Daerah

AKBP Ramadhan Nasution: Polres Gresik Siap Kawal Program Sekolah Rakyat

×

AKBP Ramadhan Nasution: Polres Gresik Siap Kawal Program Sekolah Rakyat

Sebarkan artikel ini
Kapolres Gresik AKBP Ramadhan Nasution menyematkan pita merah-putih kepada siswa peserta kegiatan MPLS SRT 1 Gresik. (Foto: Humas Polres Gresik)

Gresik,Sekilasmedia.com – Kapolres Gresik AKBP Ramadhan Nasution menghadiri pembukaan Masa Pengenalan Lingkungan Sekolah (MPLS) Sekolah Rakyat Terintegrasi (SRT) 1 Tahun Ajaran 2026/2027 di Jalan Raci Cendana Pekuncen, Desa Raci Tengah, Kecamatan Sidayu, Jumat (31/7/2026).

Kehadirannya menjadi bentuk dukungan Polri terhadap program strategis pemerintah dalam memperluas akses pendidikan bagi masyarakat.

Pembukaan MPLS turut dihadiri jajaran Forum Koordinasi Pimpinan Daerah (Forkopimda), di antaranya Bupati Gresik Fandi Akhmad Yani, Wakil Bupati Gresik dr. Asluchul Alif, Ketua DPRD Gresik M. Syahrul Munir, Kepala UPT PR SMP Surabaya Sukajar, kepala organisasi perangkat daerah (OPD), wali murid, serta ratusan siswa baru.

Kepala Sekolah Rakyat Terintegrasi 1 Gresik, Rangga Pratama Widyastya, mengatakan jumlah peserta didik pada tahun ajaran kedua mengalami peningkatan signifikan. Dari sebelumnya 75 siswa, kini Sekolah Rakyat membina sebanyak 405 peserta didik.

BACA JUGA :  Bandara Ngurah Rai Pasang Thermo Scanner, Cegah Mpox Masuk Bali

Menurutnya, Sekolah Rakyat merupakan wujud komitmen pemerintah dalam menyediakan pendidikan yang berkualitas, berkarakter, dan dapat diakses seluruh lapisan masyarakat tanpa terkendala kondisi ekonomi.

Sementara itu, perwakilan Dinas Sosial Gresik, dr. Yumna Qolimatul Aza, menjelaskan Sekolah Rakyat berdiri di atas lahan seluas 6,5 hektare dengan 26 gedung yang dilengkapi berbagai fasilitas penunjang pembelajaran.

Selain menerapkan kurikulum nasional, sekolah juga memiliki program unggulan berupa pembiasaan membaca Al-Qur’an, tahfiz, serta bimbingan belajar tambahan. Ia menambahkan, sebanyak 26 siswa asal Pulau Bawean akan bergabung setelah kondisi cuaca pelayaran memungkinkan.

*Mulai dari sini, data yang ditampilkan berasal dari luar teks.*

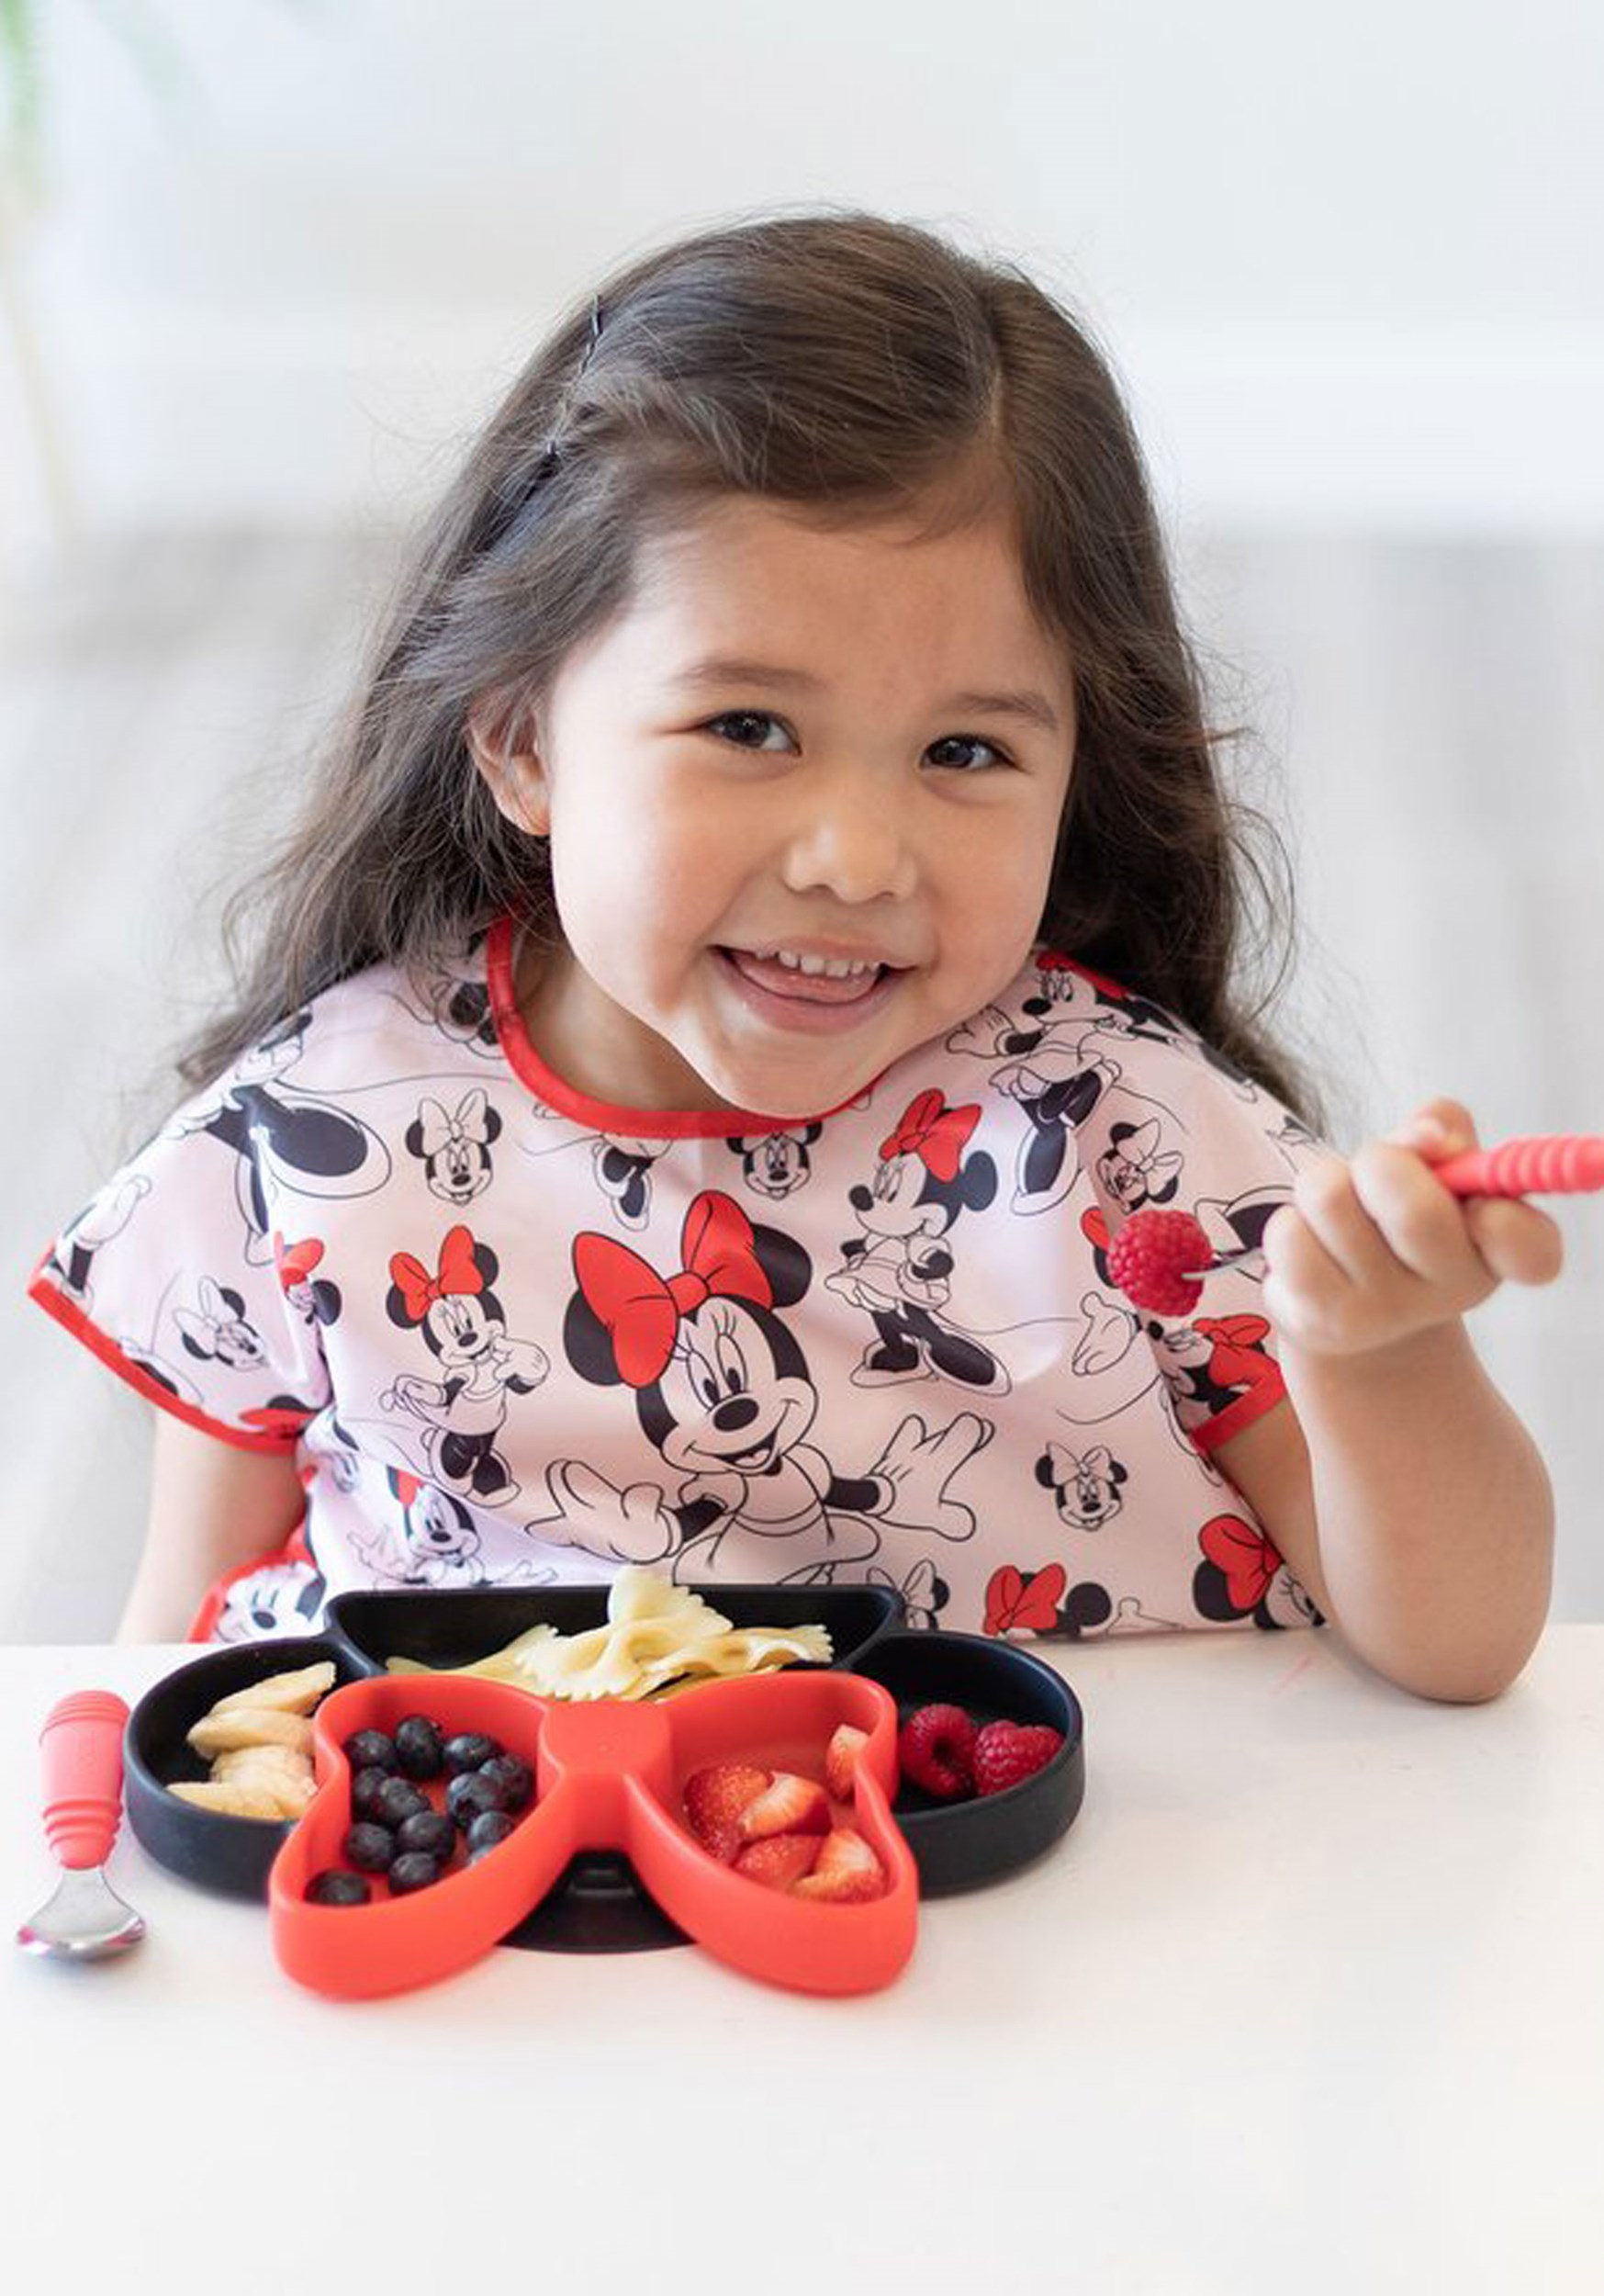 Disney Minnie Mouse Classic Juniors Bib (1-3 years)
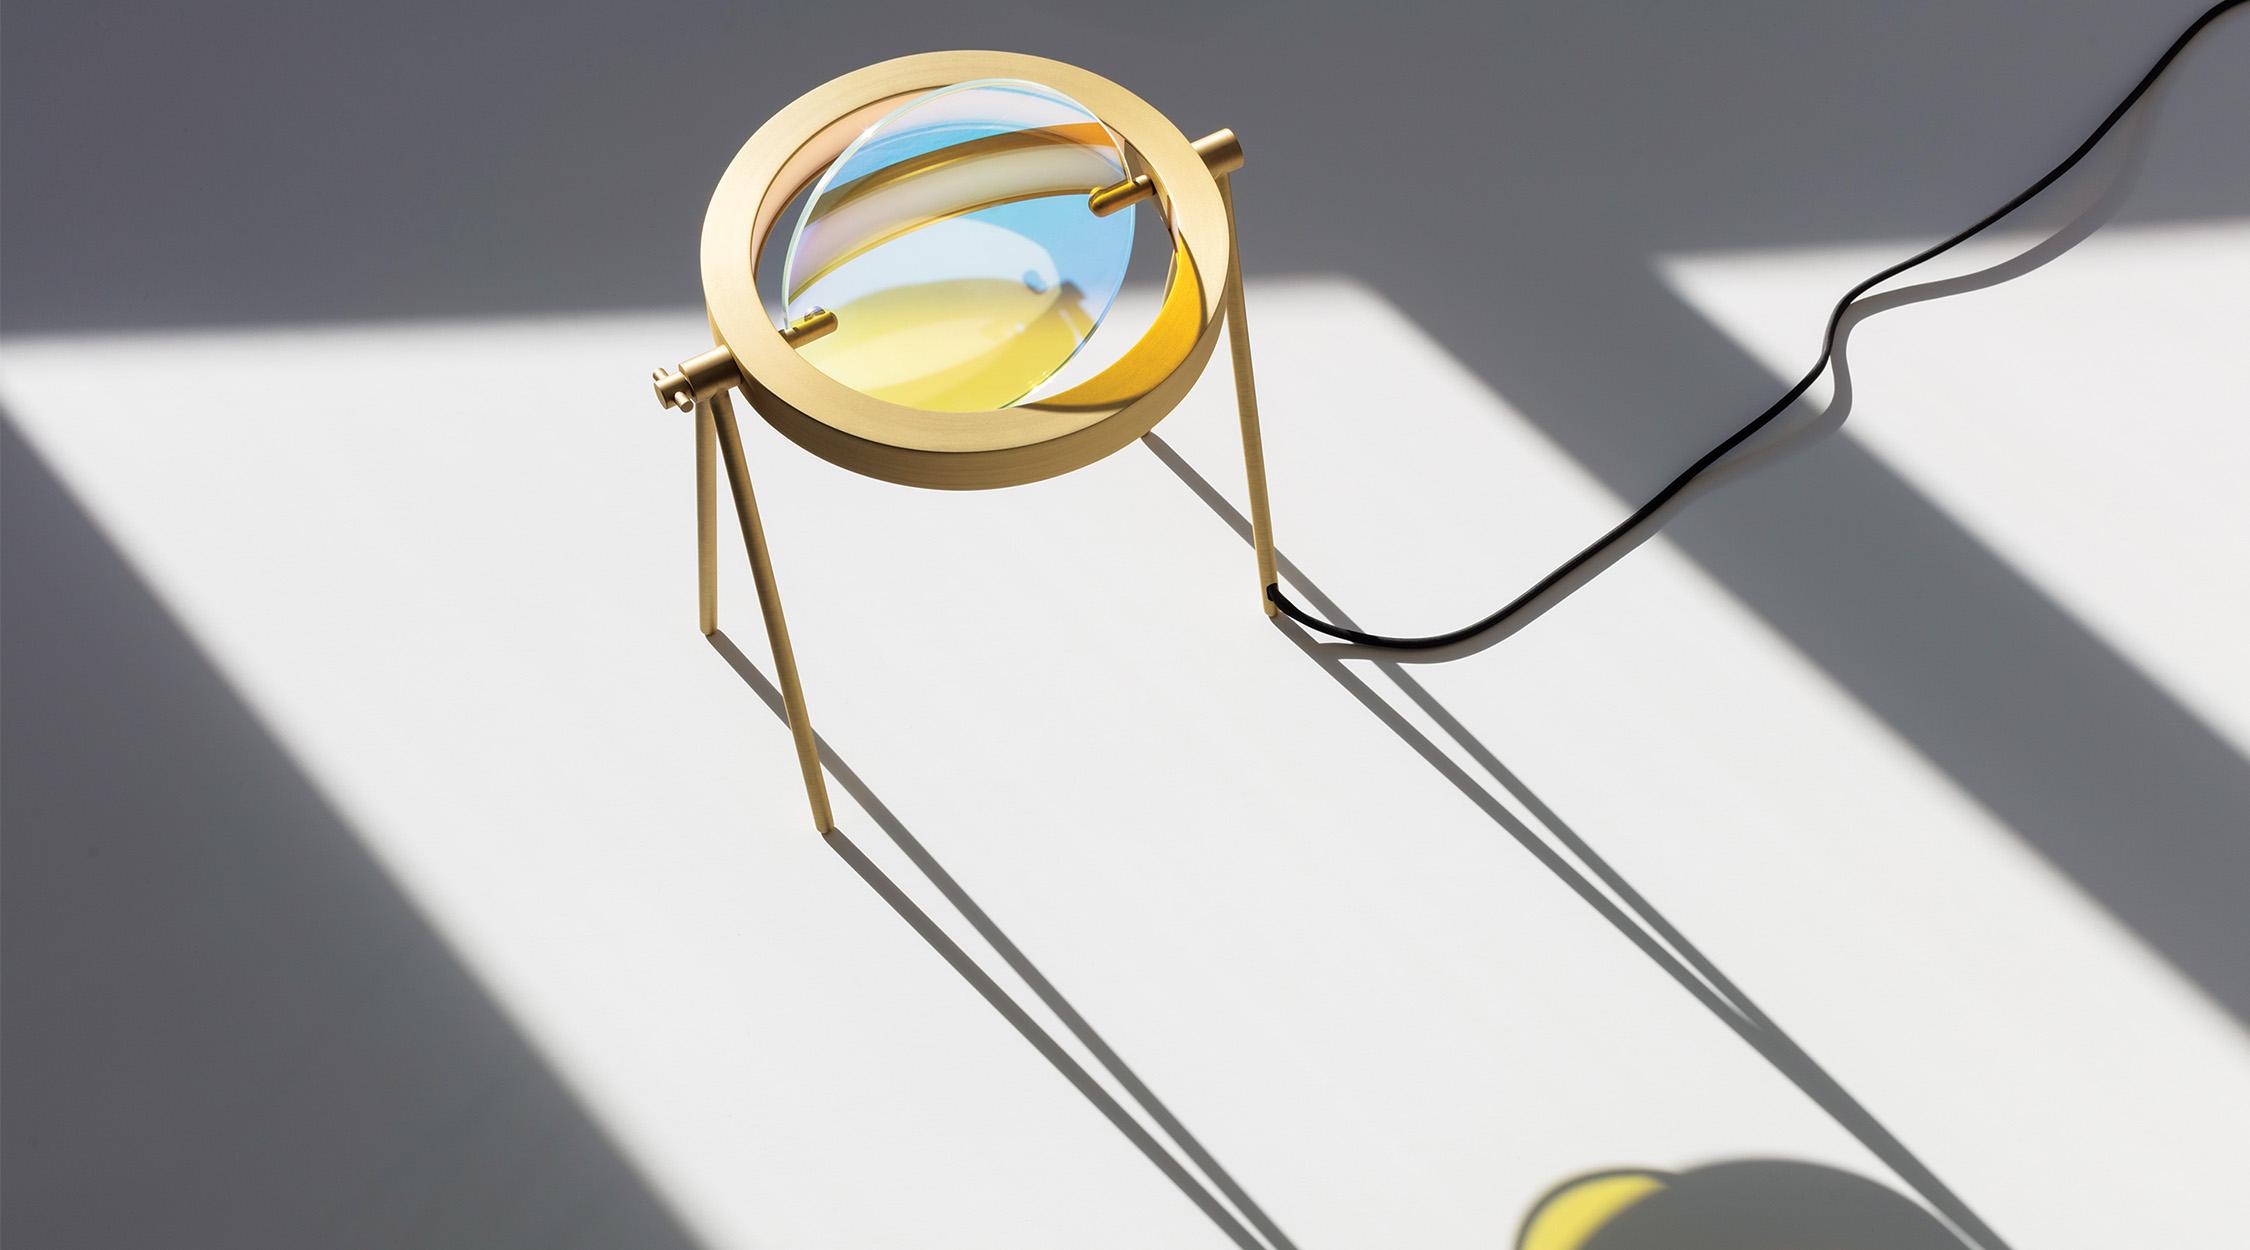 Janus light by Trueing

Dalam sambutannya, Bupati Gresik Fandi Akhmad Yani menegaskan Sekolah Rakyat merupakan hasil sinergi pemerintah pusat dan pemerintah daerah untuk memperluas akses pendidikan bagi masyarakat, khususnya keluarga prasejahtera.

” Melalui pendidikan, kami ingin memutus rantai kemiskinan. Harapan kami, anak-anak Sekolah Rakyat mampu melanjutkan pendidikan ke perguruan tinggi terbaik dan menjadi generasi yang sukses serta berakhlak mulia,” ujar Bupati.

BACA JUGA :  Laga Persebaya vs Arema, Polisi Kerahkan 6.000 Personel

Rangkaian pembukaan MPLS berlangsung meriah dengan penampilan paduan suara, pembacaan puisi, hingga pidato dalam lima bahasa yang dibawakan para siswa. Kegiatan dilanjutkan dengan penyalaan sirene sebagai tanda dimulainya MPLS, penyerahan peserta didik baru, pemotongan tumpeng, doa bersama, foto bersama, Salat Jumat berjamaah, serta pembekalan materi MPLS di kelas.

Kapolres Gresik AKBP Ramadhan Nasution mengapresiasi kehadiran Sekolah Rakyat Terintegrasi yang dinilai mampu membuka kesempatan lebih luas bagi masyarakat kurang mampu untuk memperoleh pendidikan yang layak.

Ia menegaskan Polres Gresik siap mendukung keberlangsungan program tersebut sebagai bagian dari upaya bersama mencetak generasi penerus bangsa yang unggul, berkarakter, dan berakhlak mulia.

” Polres Gresik mendukung penuh program pemerintah ini. Semoga Sekolah Rakyat dapat menjadi wadah lahirnya generasi berkualitas yang mampu membawa kemajuan bagi Kabupaten Gresik dan Indonesia,” tegas AKBP Ramadhan Nasution.